И странно, такой поворот мыслей действовал. Он на некоторое время успокаивался. Пустяковость, несущественность всего этого — а это только так и должно восприниматься умом и всеми: глупость, ломаного гроша не стоит, суета, извечная история, старо как мир — при сладкой уверенности в себе, в ценности своей работы, своих способностей, большей ценности, чем подобная дребедень — приносила облегчение. Но ненадолго. Облегчение иссякало, и вскоре все начиналось сызнова. И все же, как бы там ни было, все эти беспокойные мысли продолжали стоять еще на пороге сознания, еще не прорывались в него, и он боролся с ними. И когда они все-таки охватывали его полностью, проникали в его действительность и явь, в его деятельную сознательную жизнь, он каждый раз — столько раз, сколько уезжал в командировку — каждый раз помнил, что это он сам себе позволил, сам дал добро этому случиться.

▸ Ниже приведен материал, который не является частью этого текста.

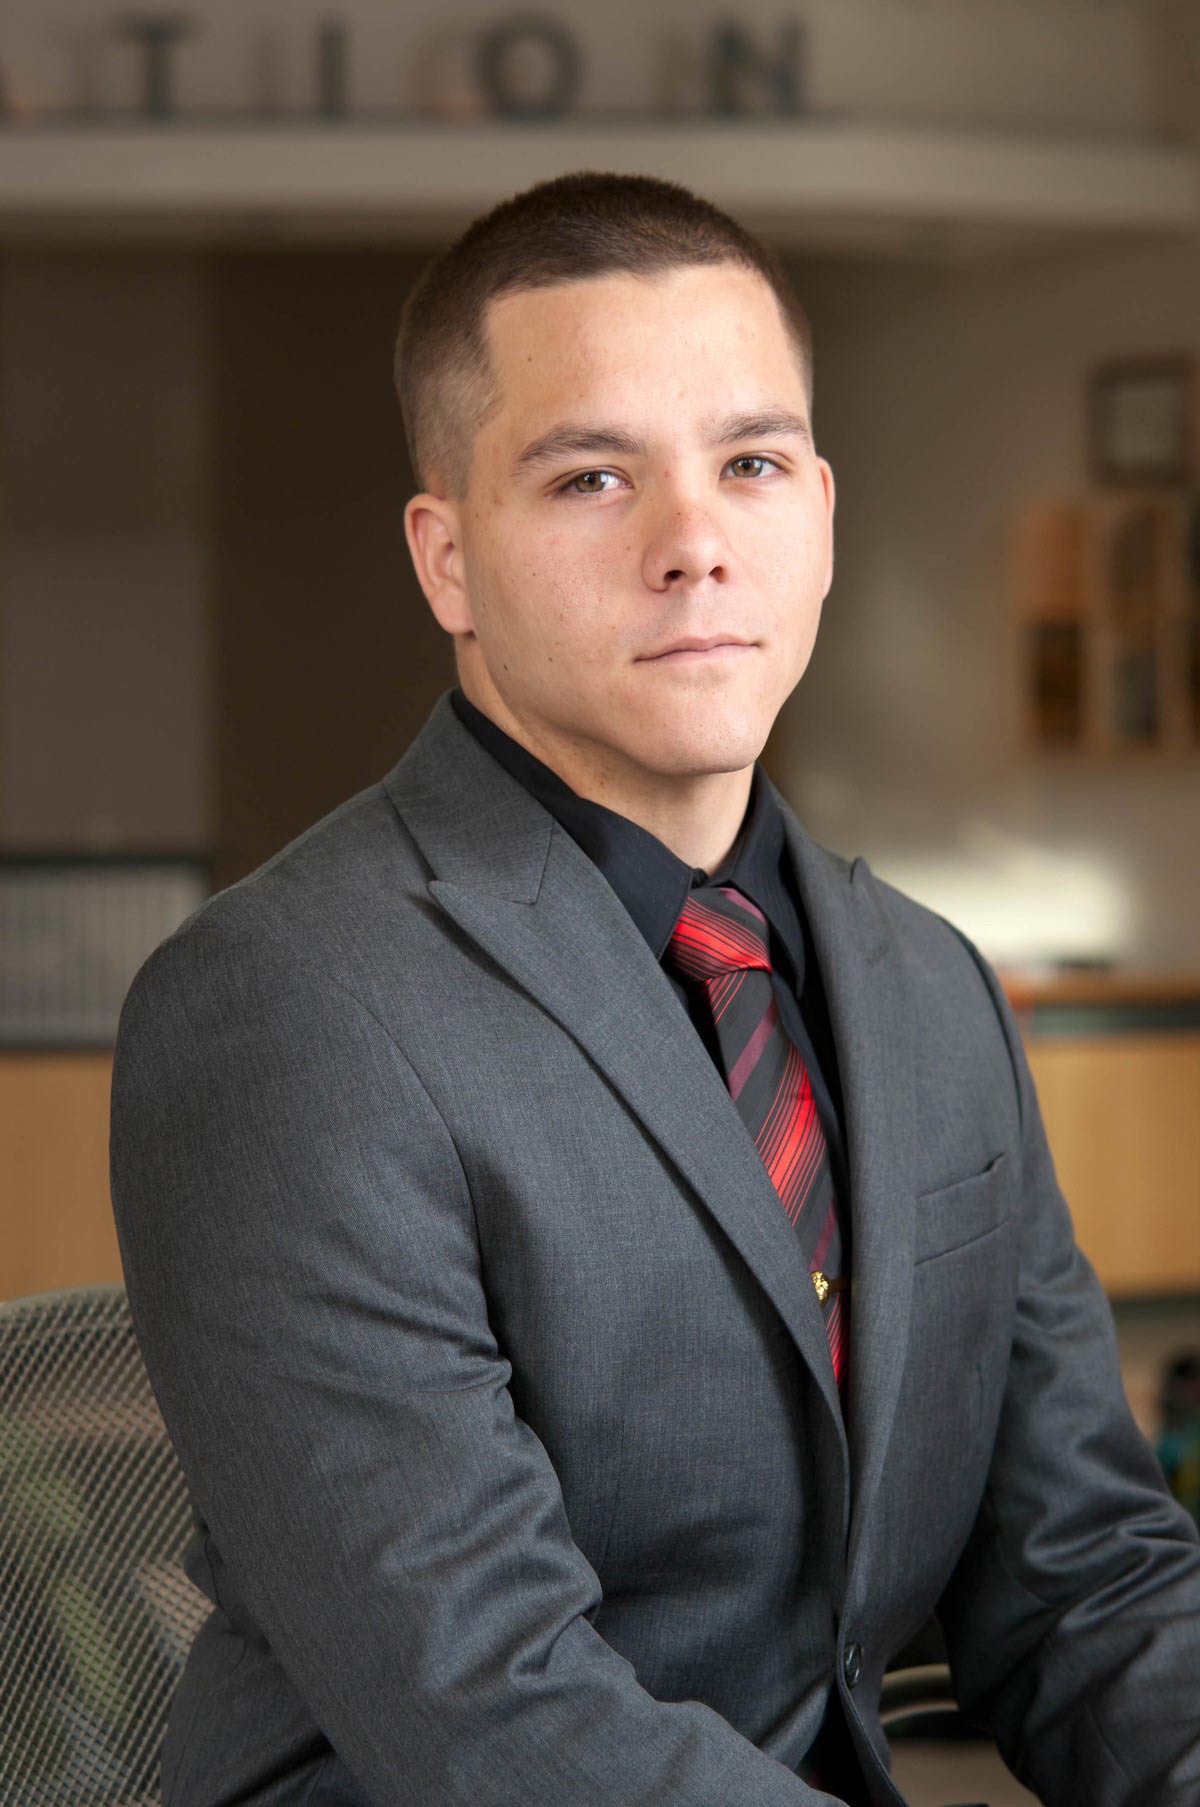 Alumnus Brett Travis, 2016 graduate in International Studies
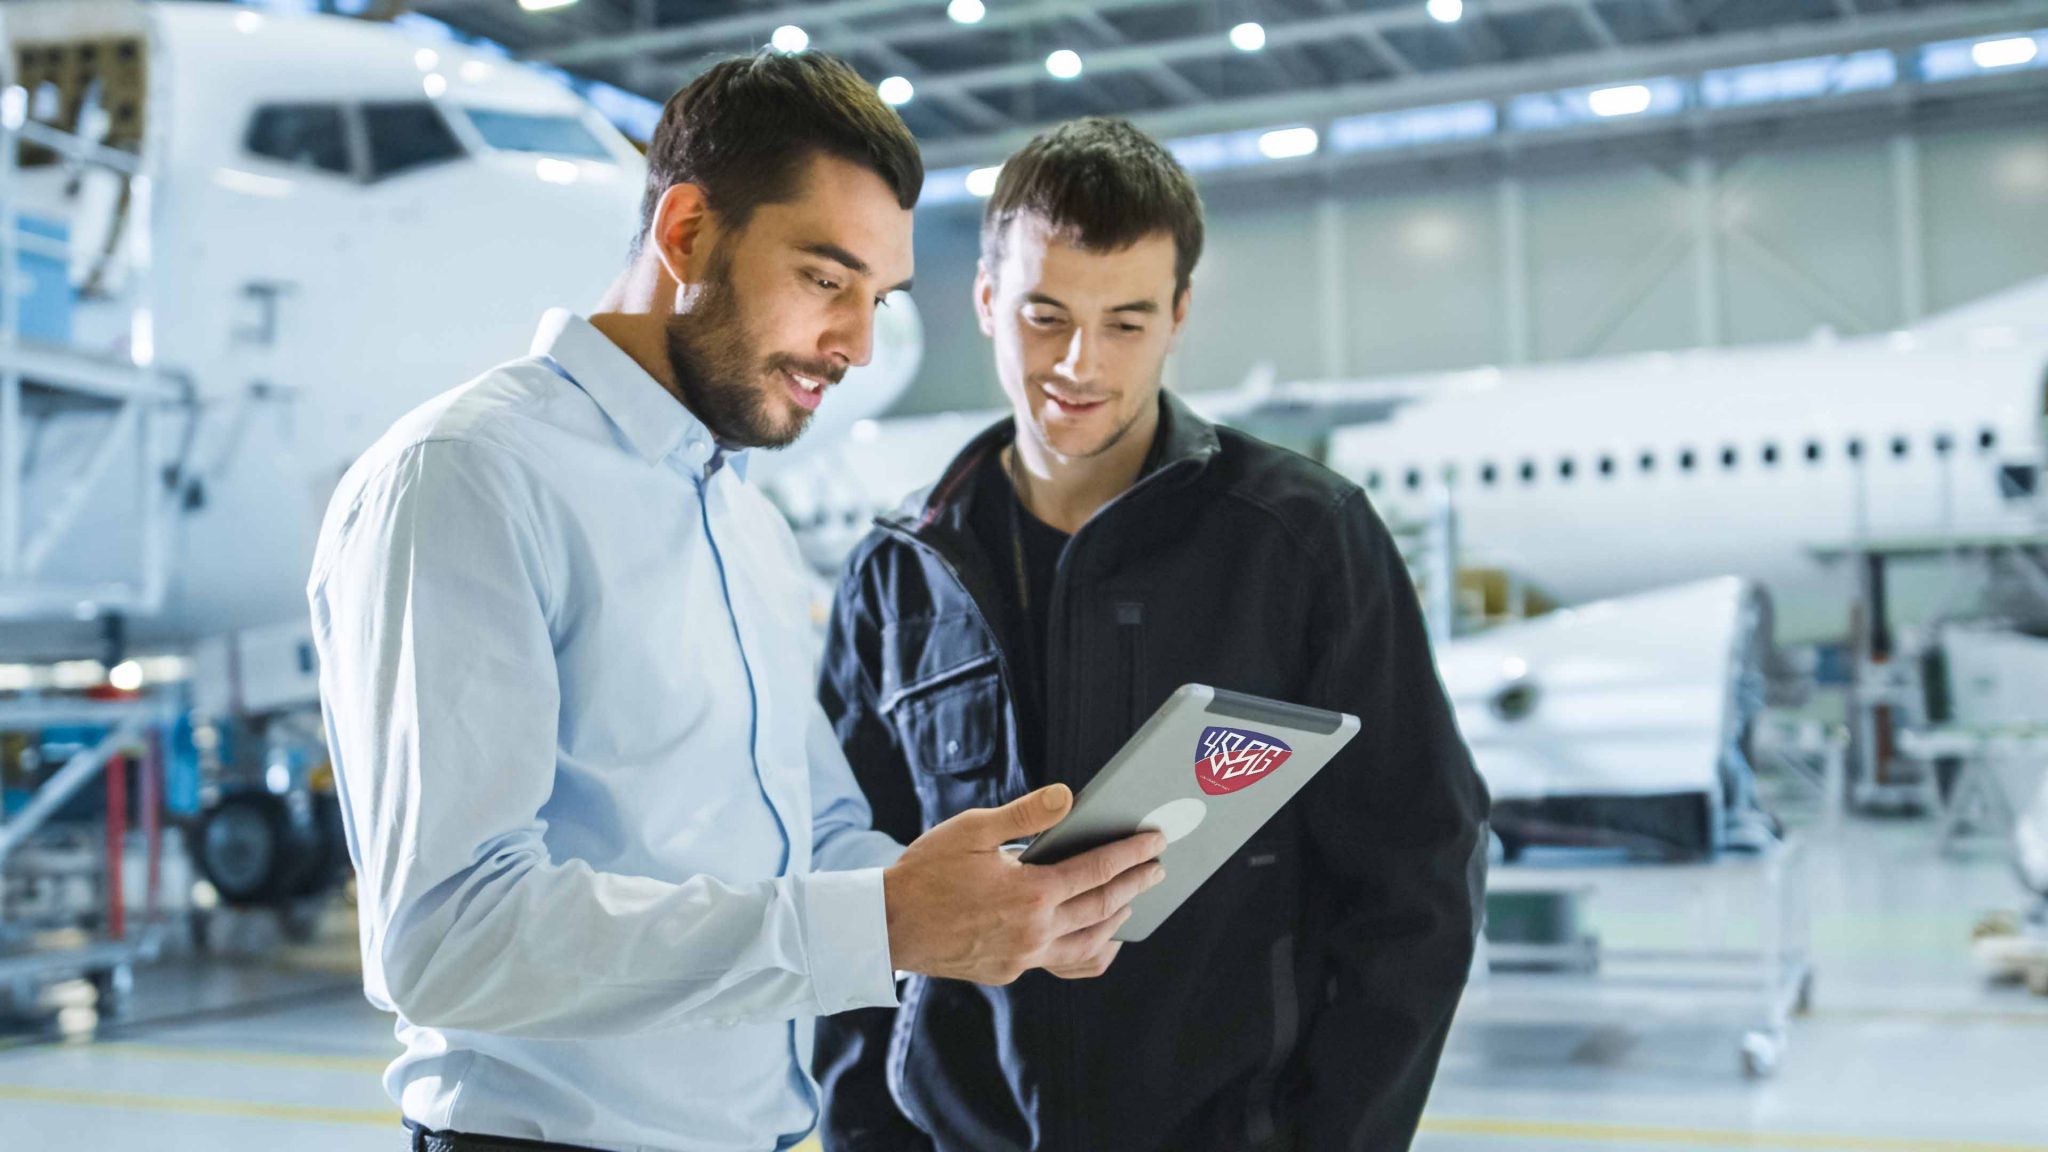 4SSG UK Ltd Aircraft Maintenance Worker and Engineer having Conversation. Holding Tablet.

— Ладно, чуть-чуть подумаю, — разрешал он себе. И уже знал, что это конец, капитуляция; знал: стоит лишь разрешить себе об этом думать, и обратной дороги уже нет! И зная, не удваивал, как бы следовало в такой ситуации, сил, а, прикидывался, будто не понимает, что к чему, будто не знает, куда такое позволение ведет, будто запамятовал, обманывал себя, врал себе — настолько сильно ему все-таки хотелось почувствовать себя несчастным. Ведь горемыкой, как известно, является не тот, кто на самом деле горемыка, а тот, кто считает себя таковым…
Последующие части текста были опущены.